» **TASK GOAL**
Print exactly the lines that run from the one containing "What’SUB Stuttgart" to the final line of the data, both included, and print none of the pictures.

BEGIN DATA BLOCK

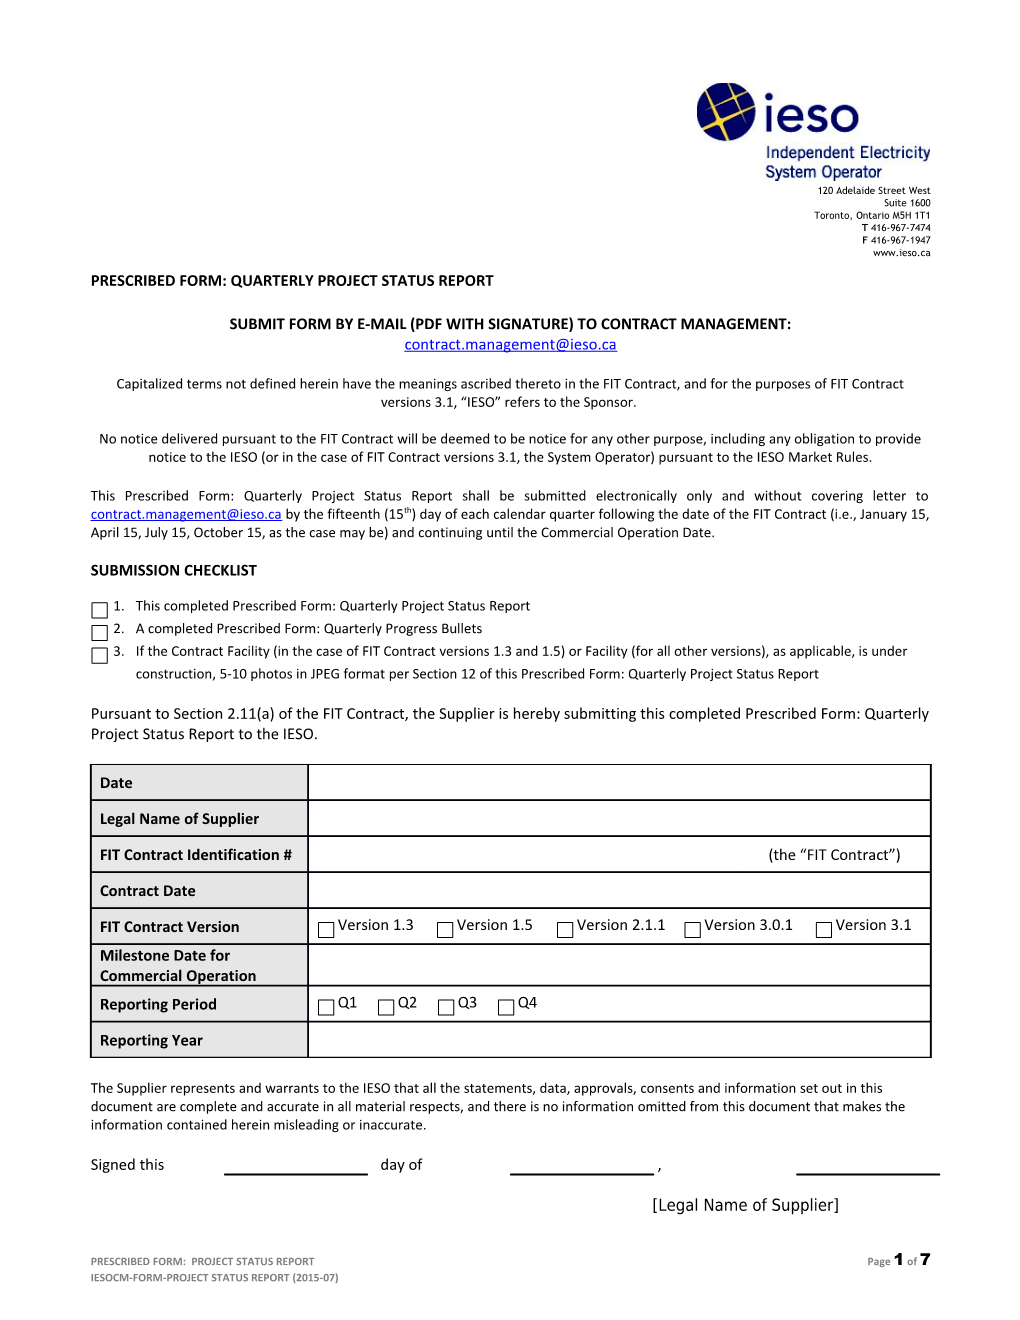 Prescribed Form - Quarterly Project Status Report
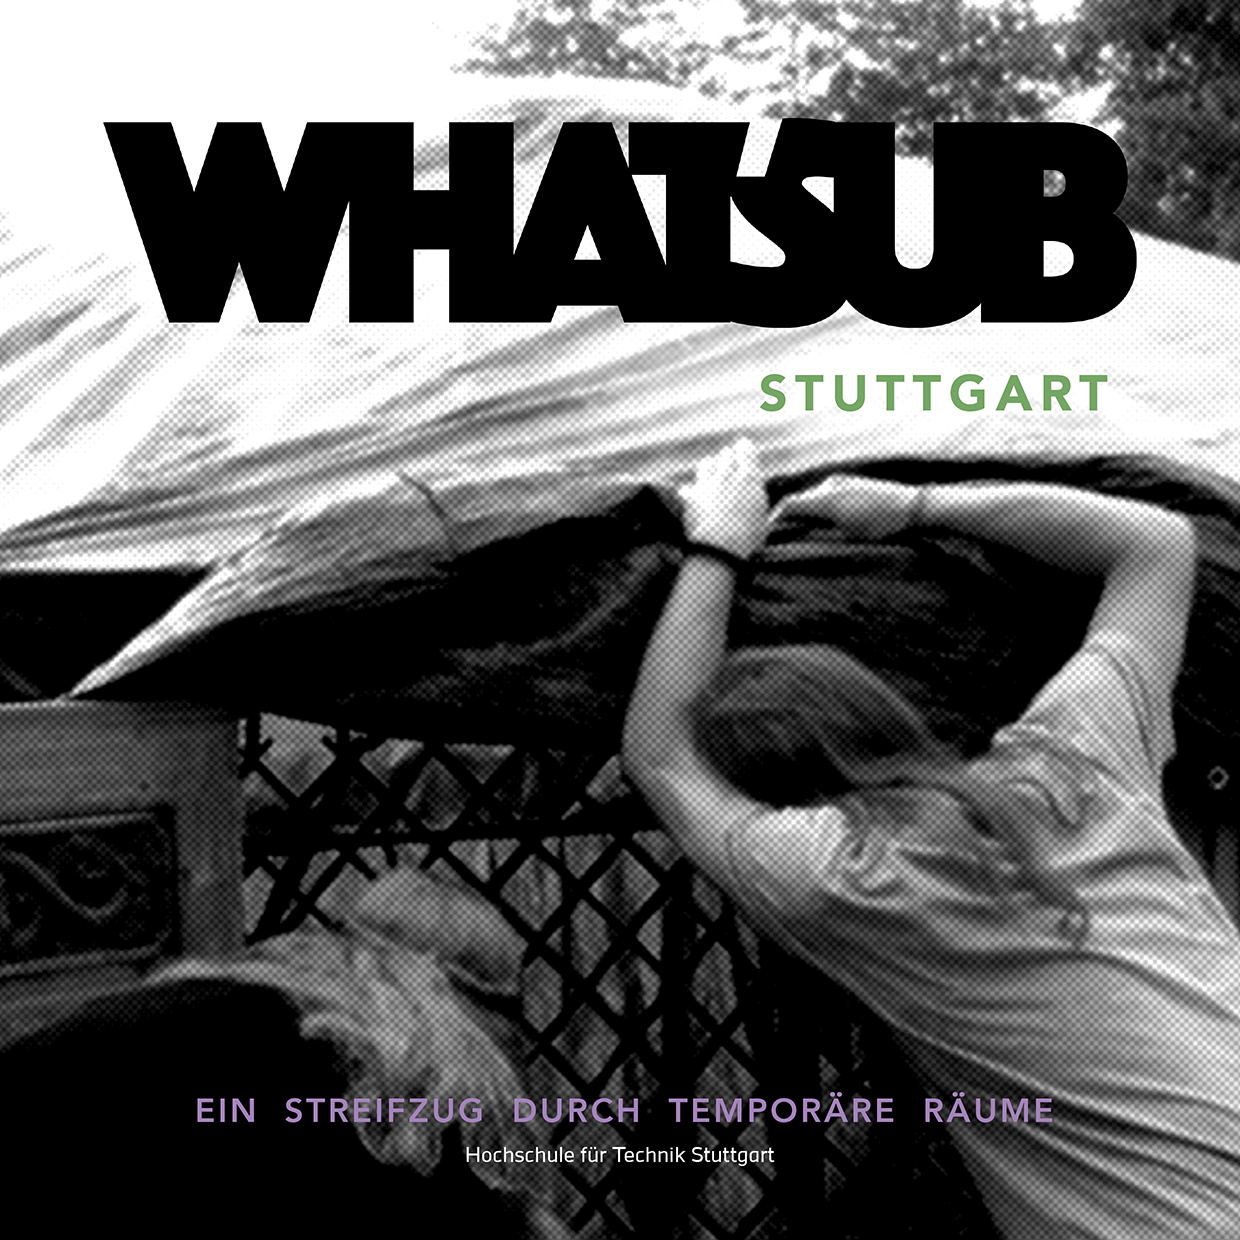 What’SUB Stuttgart
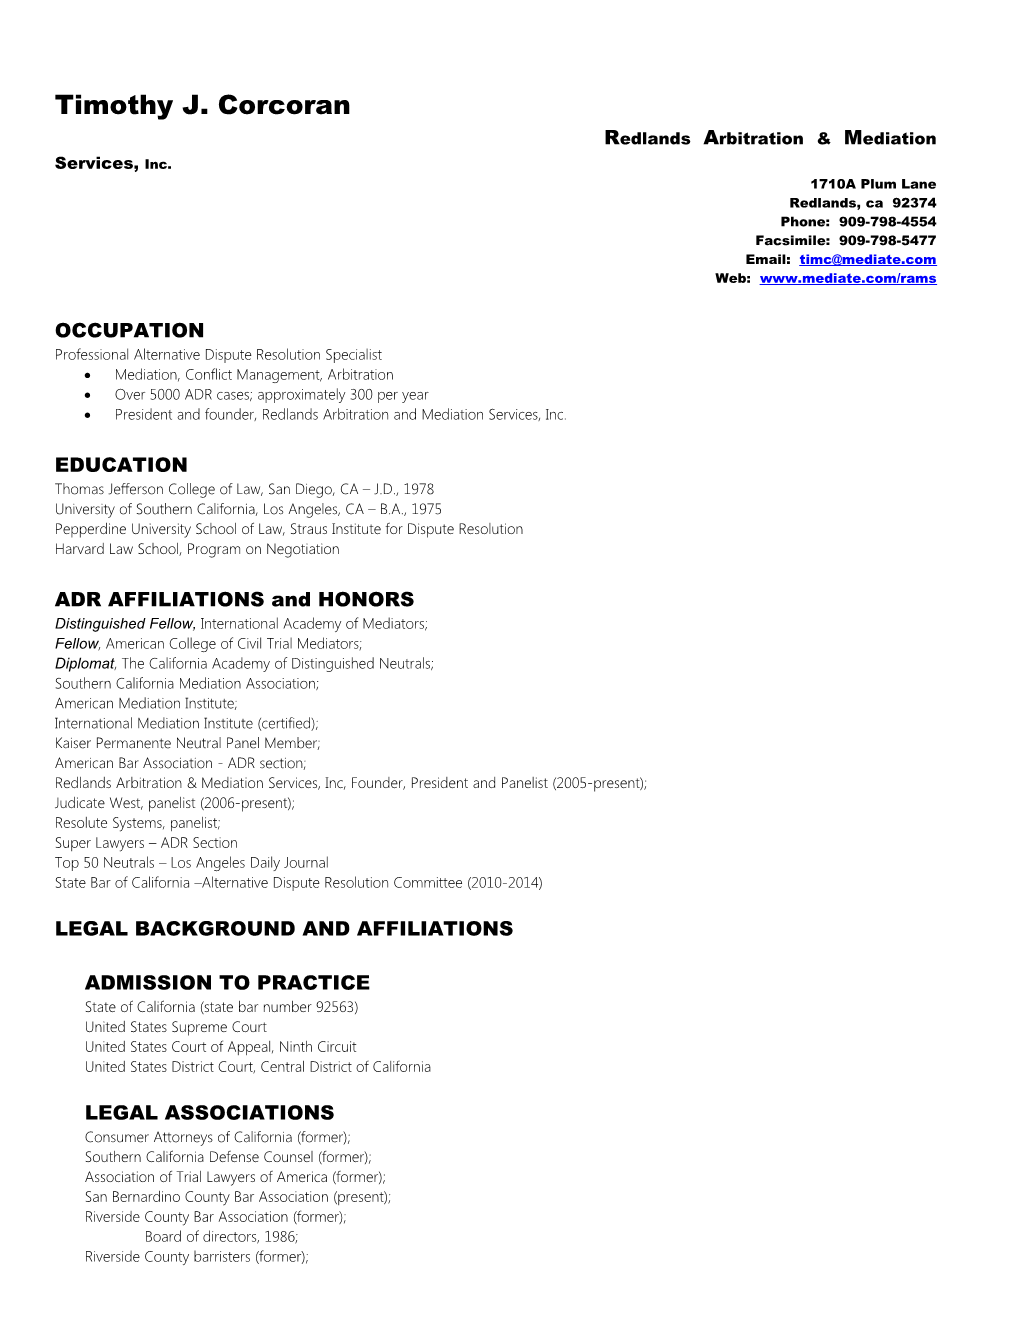 Timothy J. Corcoran Redlands Arbitration & Mediation Services, Inc

END DATA BLOCK

» **EXERCISE OUTPUT**
 What’SUB Stuttgart
 Timothy J. Corcoran Redlands Arbitration & Mediation Services, Inc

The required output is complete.